Working In The Theatre: Scenic Design
"I've started thinking recently of scenery design as a transformation of space over time."
This video from the American Theatre Wing is one of many in their series of "Working in Theatre" and it focuses on both the conception and production process that designers Beowulf Boritt, Tony and Obie Award Winner, and Mimi Lien, Obie and Hewes Design Award winner, go through when conceiving the idea of a set for a new production.
As Designer Boritt says, Scenography can be understood not only as a setting but also as a character itself that, just like all the other characters in the play, goes through an arc of transformation. As the plot changes the characters it should also have an influence on how the set looks. If a set remains the same throughout, blind to the actions that have taken place in it, then it has not served it’s purpose.
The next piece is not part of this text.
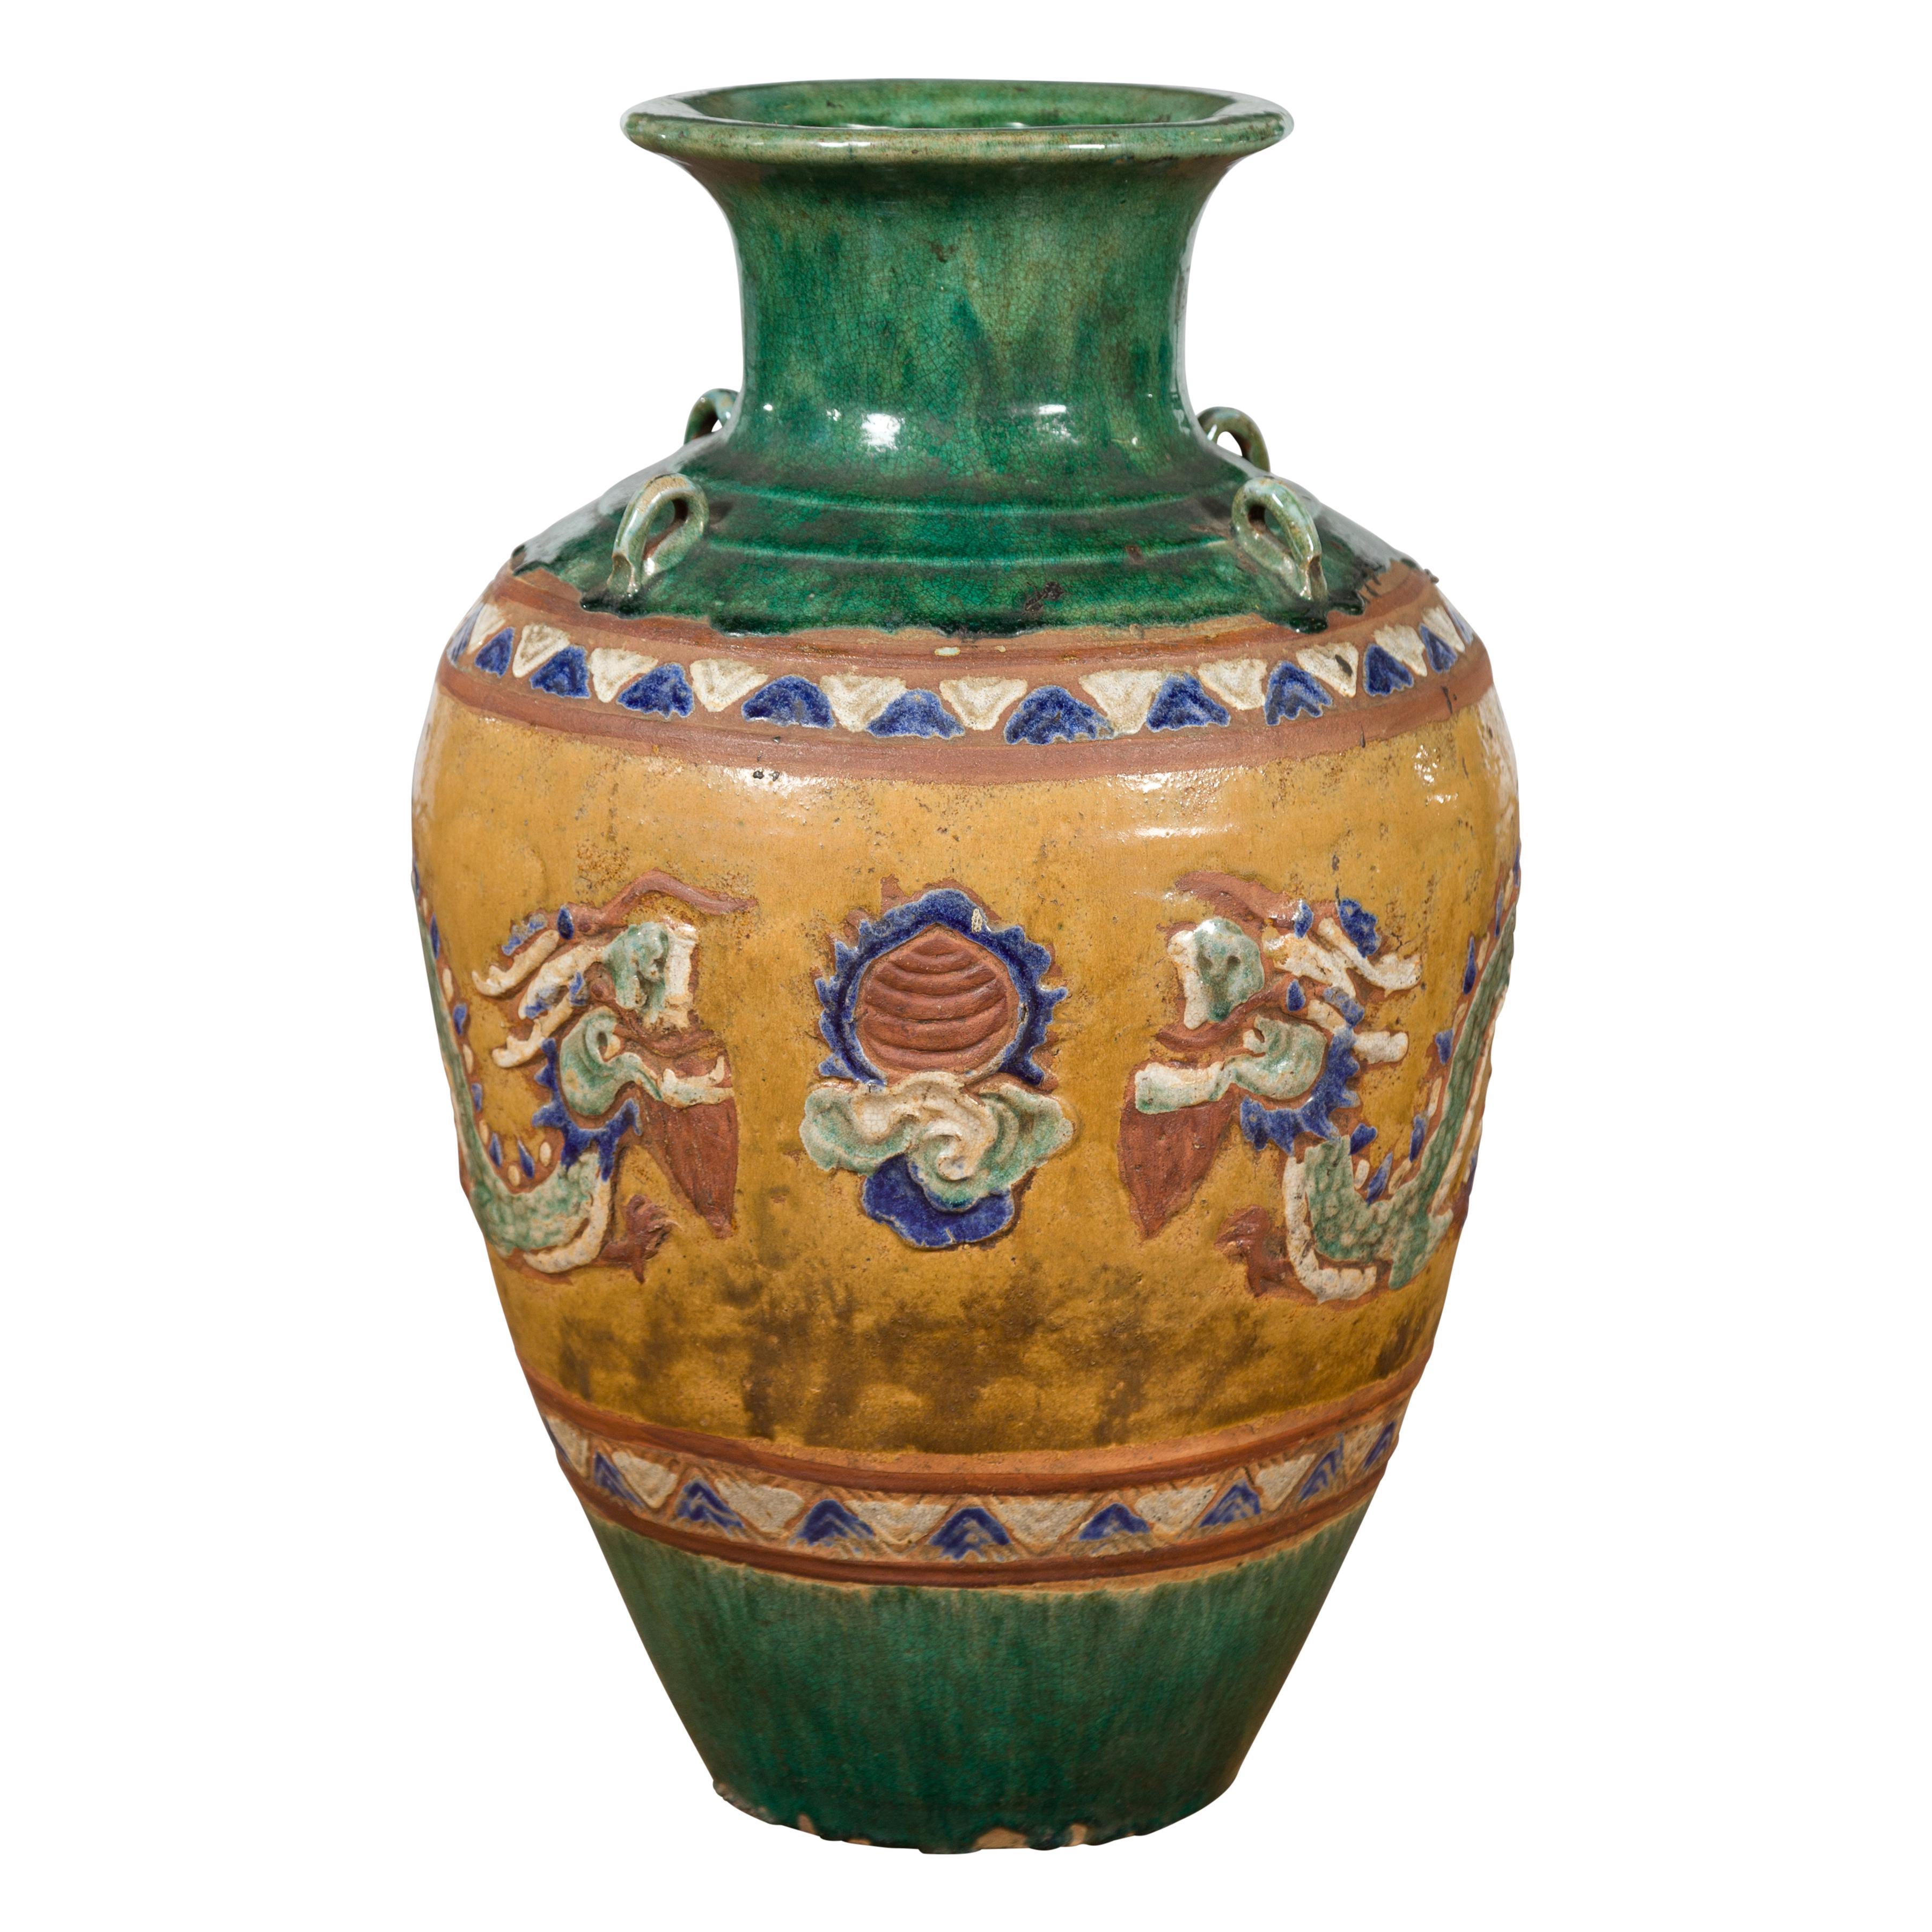 An antique Vietnamese Annamese green water jar from the 19th century, with raised dragon motifs, blue, brown and yellow accents and petite loop handles. Created in Vietnam during the 19th century, this green glazed Annamese Martaban vase is adorned

I'm not saying it has to change physically but at least its perception to both the characters and the audience should change after the plot has taken place.
Another great quote from this small documentary is by Mimi Lien, who says: "One of my favorite things about being a designer is that I'm constantly learning." This remark rings truer everyday in my career here at SCAD where I see how in depth each concept goes. How every scenic element is key to the play, and for it to be this important it must have a strong research and reasoning behind it. So as designer we must become experts on wall paper history through the 1800's, or traditional door knobs from western Italy; single elements that are isolated don't seem as important, but when joined together with the whole set they can either help tell the story or take the audience out of their journey.
One last comment from Mimi Lien that made me rethink on how to design for theatre was: "My aesthetic bent is definitely not realism, I feel like the reason that we do Theatre is to be able to see something different and see some things differently." I agree with her vision that design for theatre should not try to mimic real life but it should become a highlighted version of it. The audience has come to be taken away on a journey away from their daily lives and into another story. I think it is the set's job as well to go into that journey with both the audience and the characters of the play, and to aid visually by creating an alternative setting where this window of existance can take place.